▶ _EXERCISE DESCRIPTION_
The answer should be the exact lines from the line containing "EHG0105, Gold Earrings, Huggies, 4.7" through the last line of the material below, with no pictures.
(EXERCISE DATA Opens)
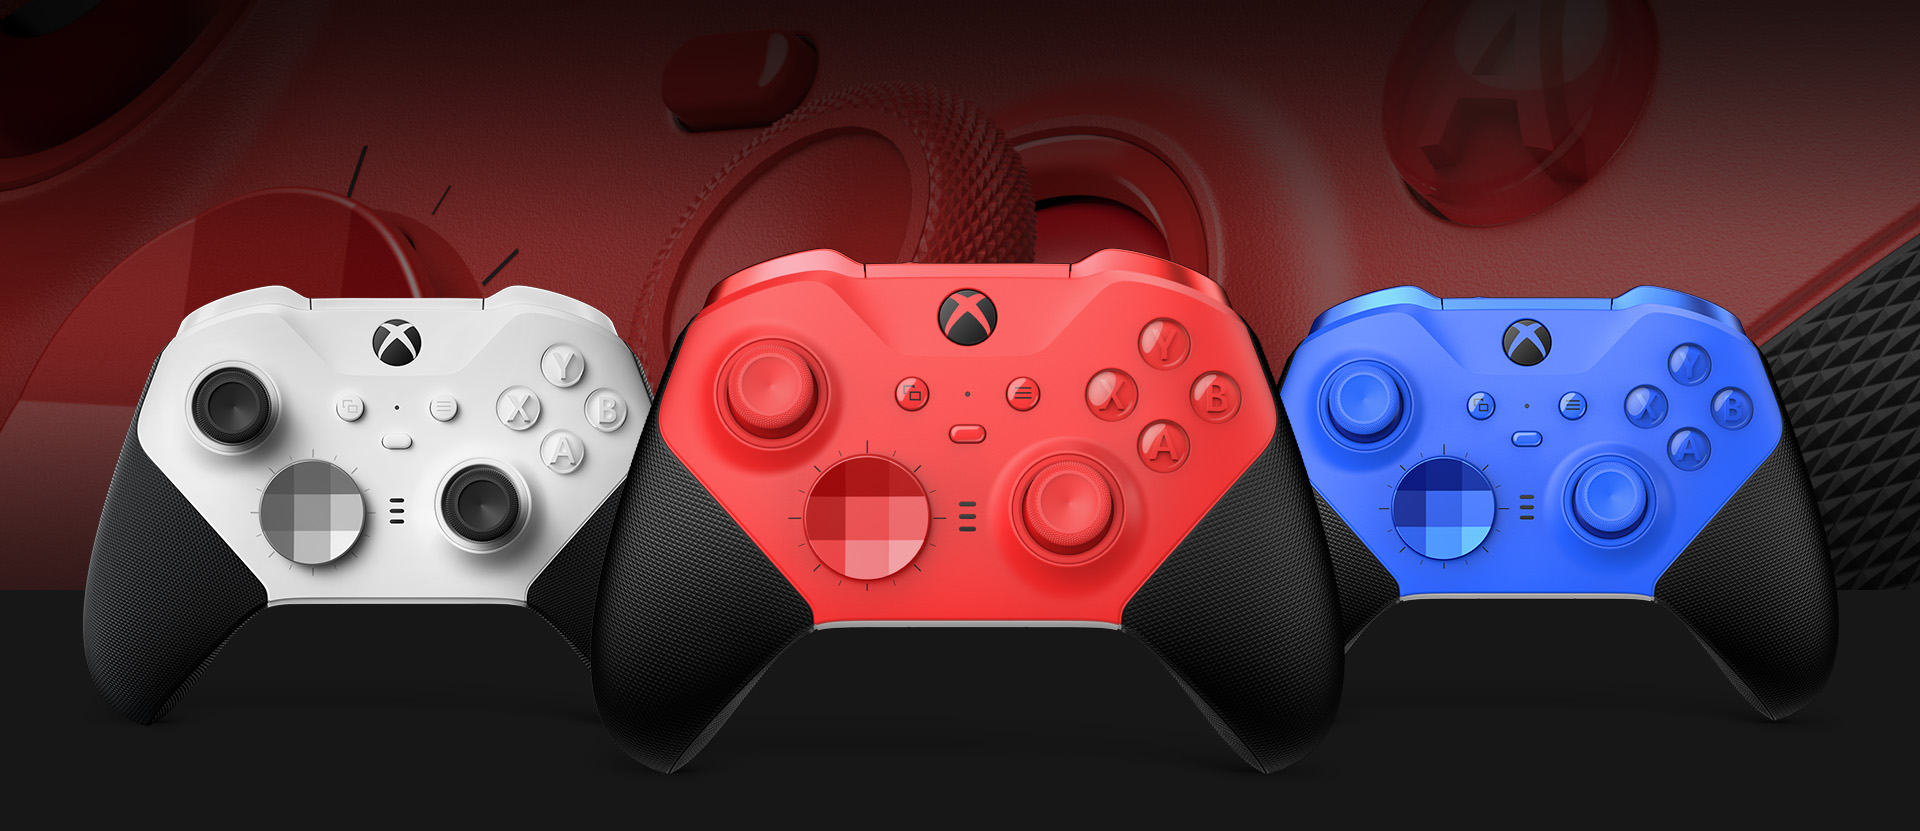 Xbox Elite Wireless Controller Series 2 – Core (Rot) mit anderen Farboptionen daneben von vorn. Nahaufnahme der Controller-Ministicks und des strukturierten Griffs im Hintergrund.
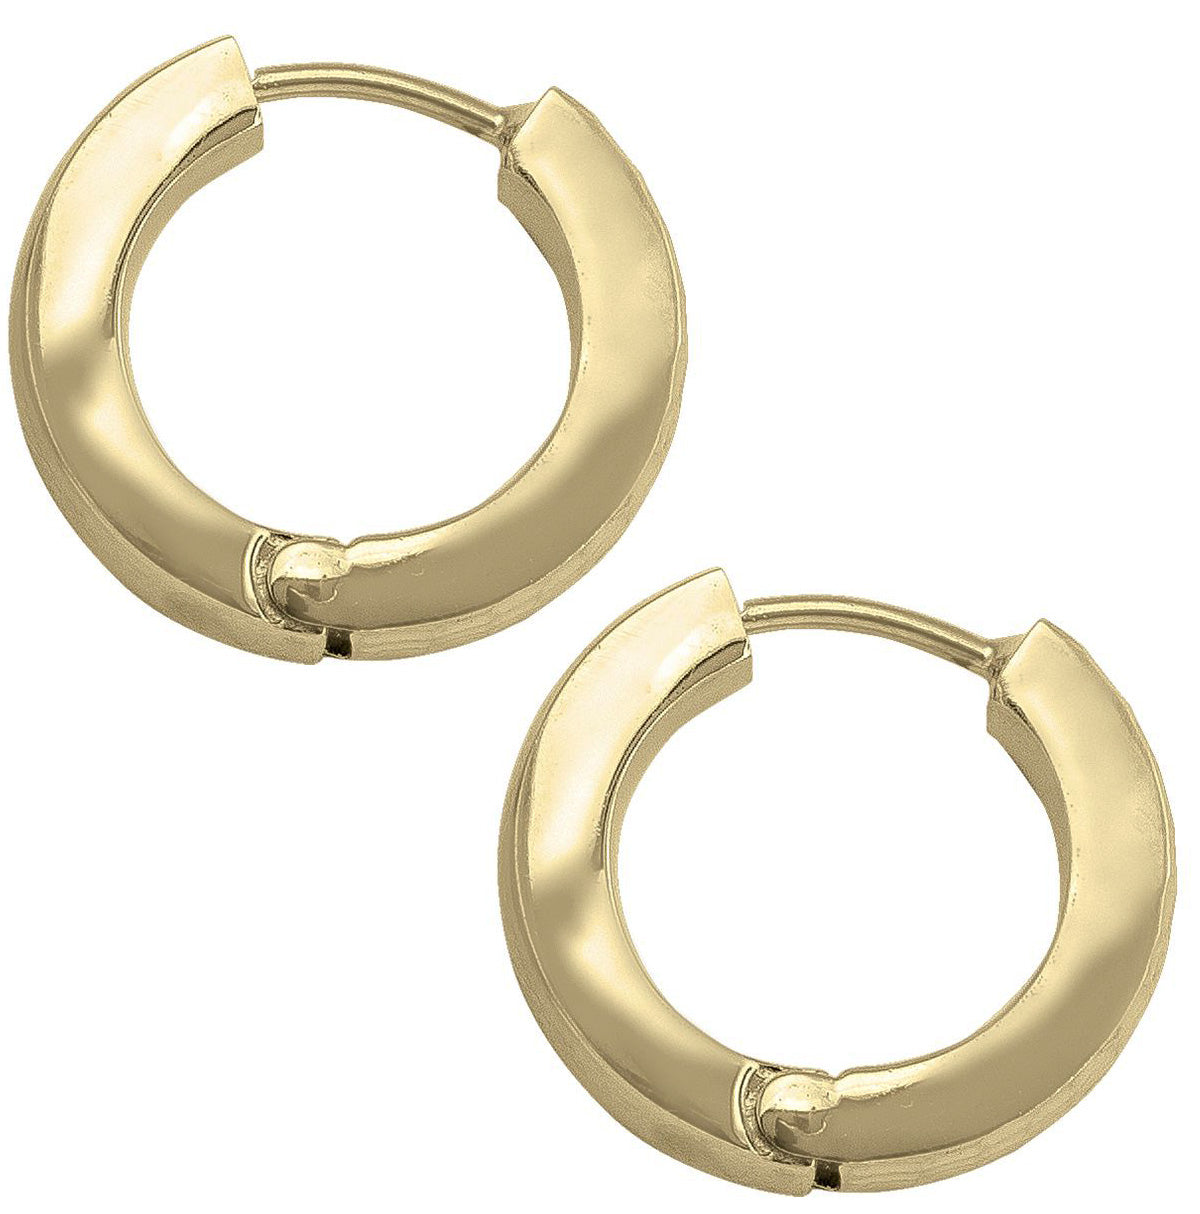 EHG0105, Gold Earrings, Huggies, 4.7 mm Tubing
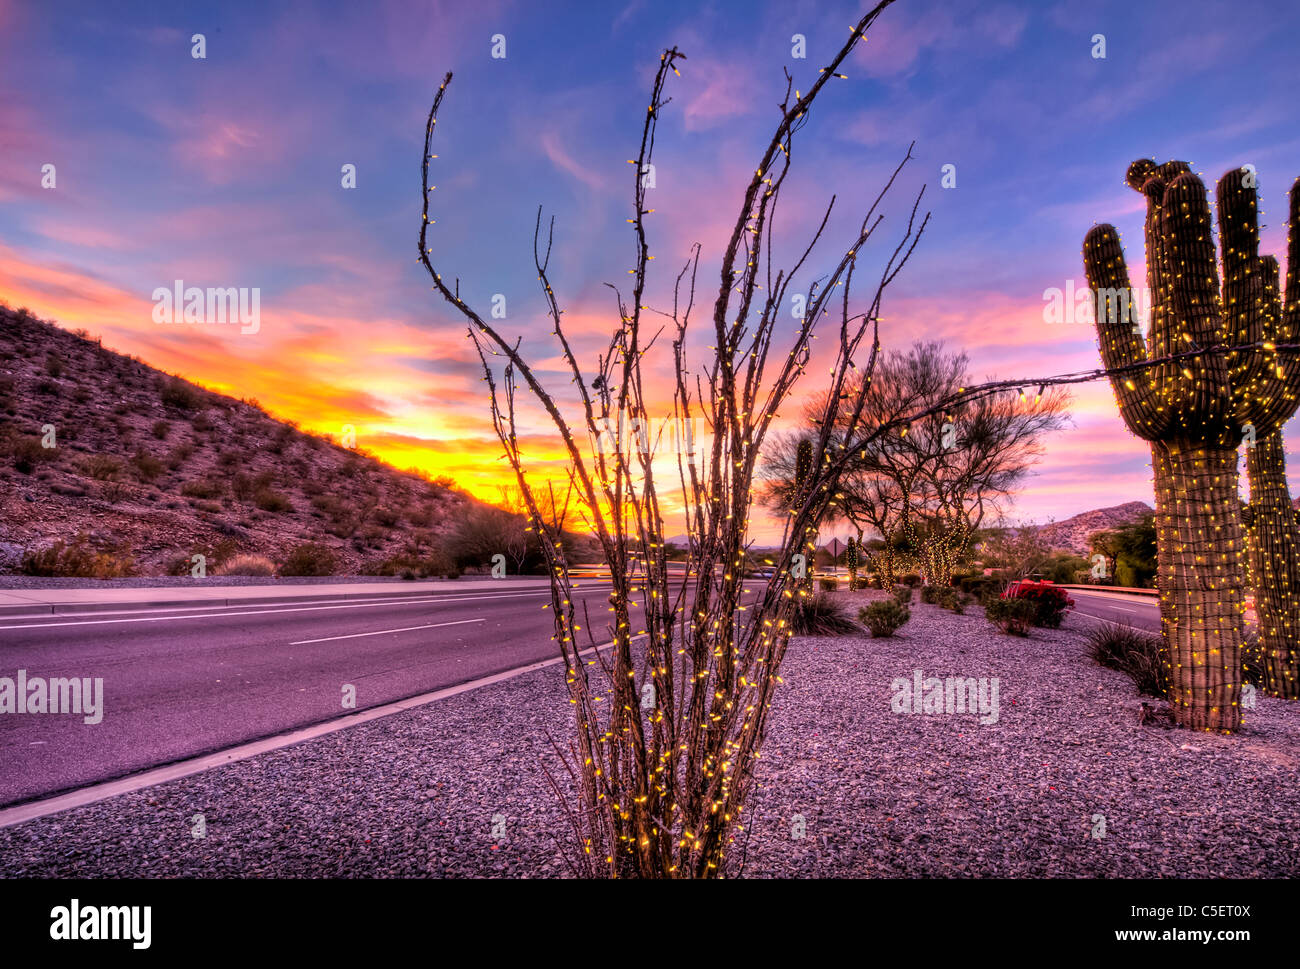 Diese riesigen Saguaro-Kaktus bedeckt gewesen in Weihnachtsbeleuchtung für die Weihnachtszeit in Phoenix, AZ Stockfoto
(EXERCISE DATA Closes)
▶ _OUTPUT OF THE TASK_
 EHG0105, Gold Earrings, Huggies, 4.7 mm Tubing
 Diese riesigen Saguaro-Kaktus bedeckt gewesen in Weihnachtsbeleuchtung für die Weihnachtszeit in Phoenix, AZ Stockfoto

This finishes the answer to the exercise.